- Opening Delimiter -

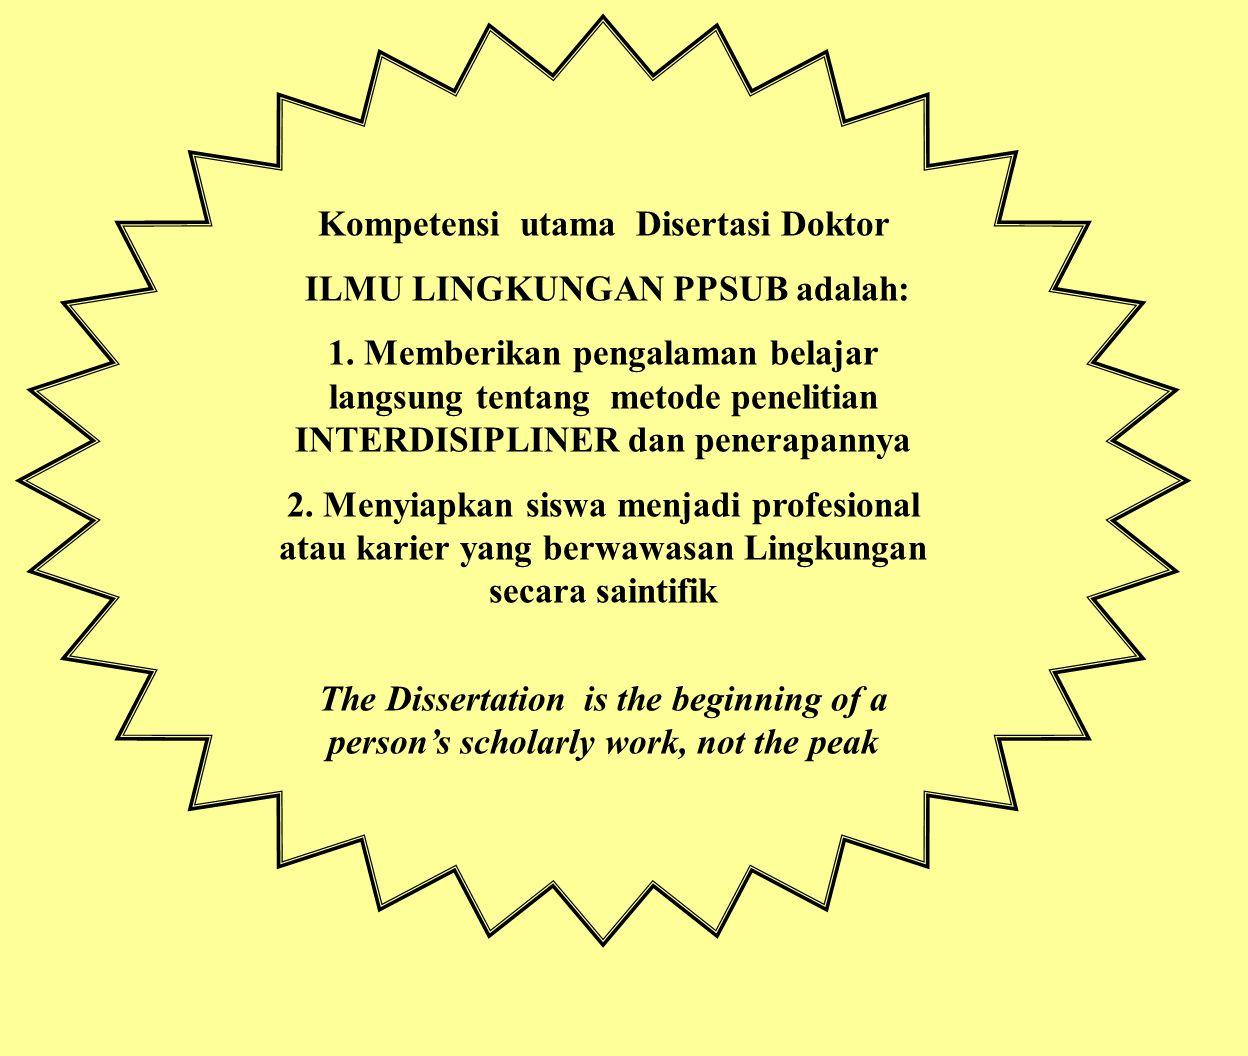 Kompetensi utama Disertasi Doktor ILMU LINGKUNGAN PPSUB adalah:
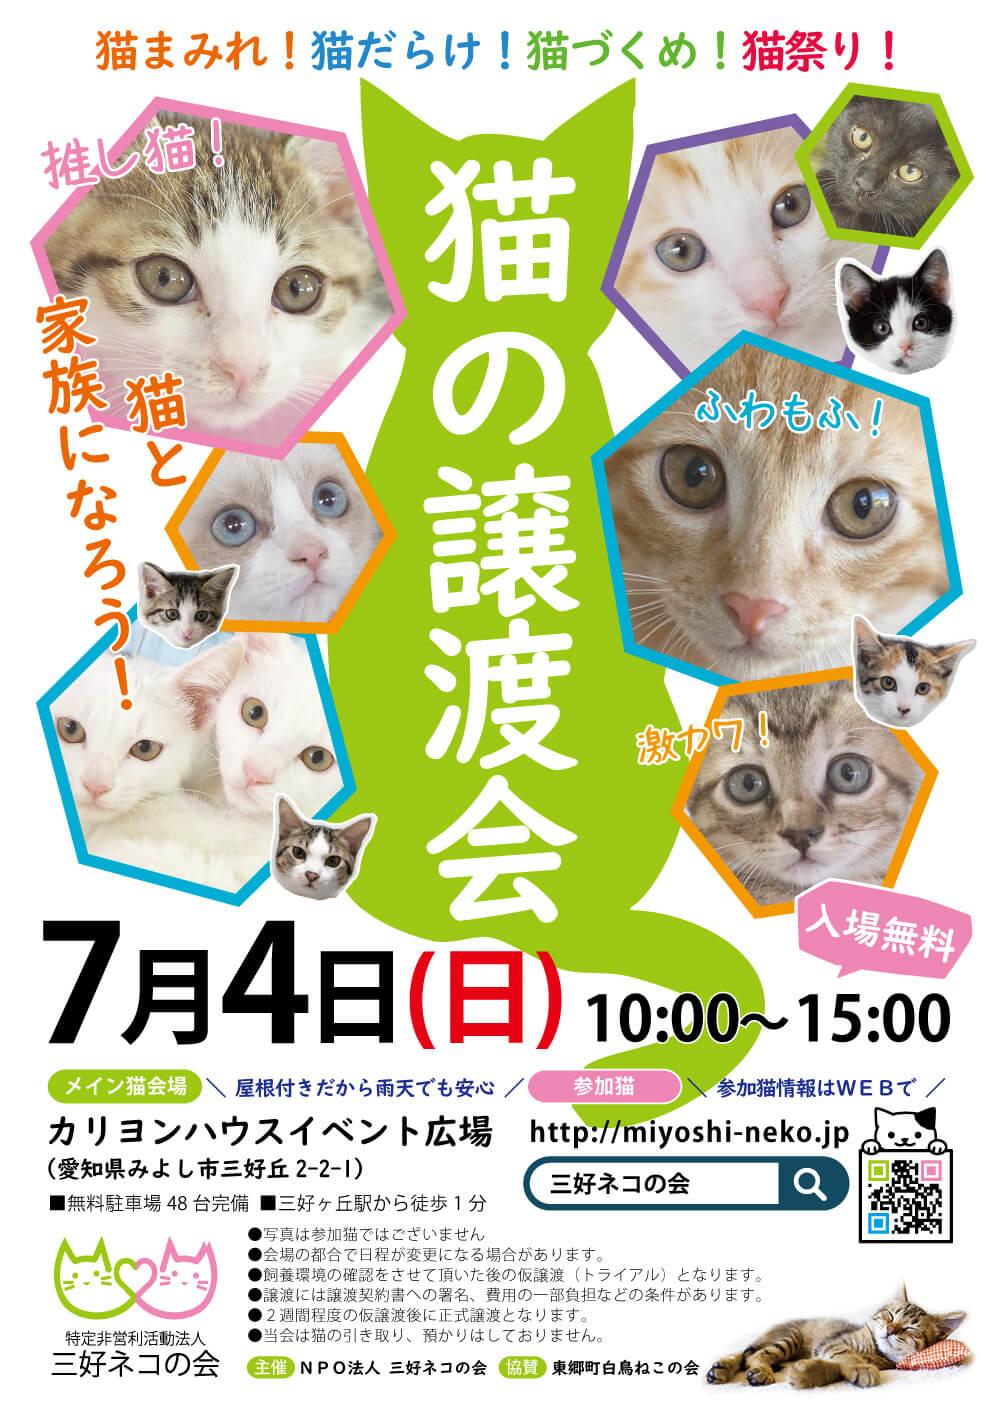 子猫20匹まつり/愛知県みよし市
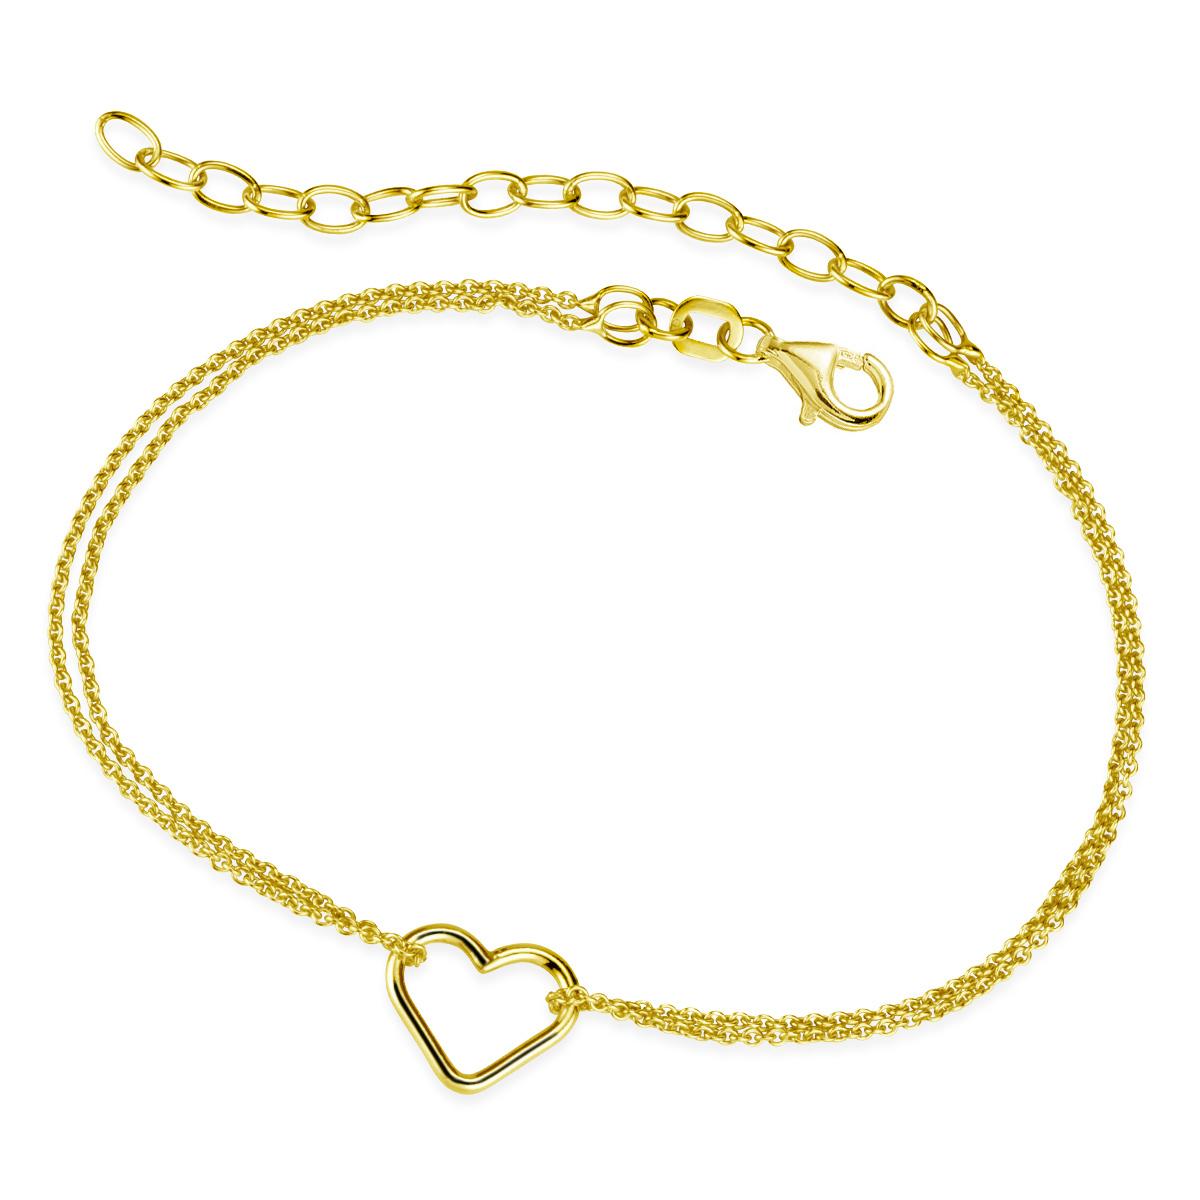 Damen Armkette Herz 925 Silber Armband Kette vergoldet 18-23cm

- Closing Delimiter -

### Task details
Please retype the lines from the one that contains "子猫20匹まつり/愛知県みよし市" through the final line of the data, both included, without any pictures.

### Response to this task
 子猫20匹まつり/愛知県みよし市
 Damen Armkette Herz 925 Silber Armband Kette vergoldet 18-23cm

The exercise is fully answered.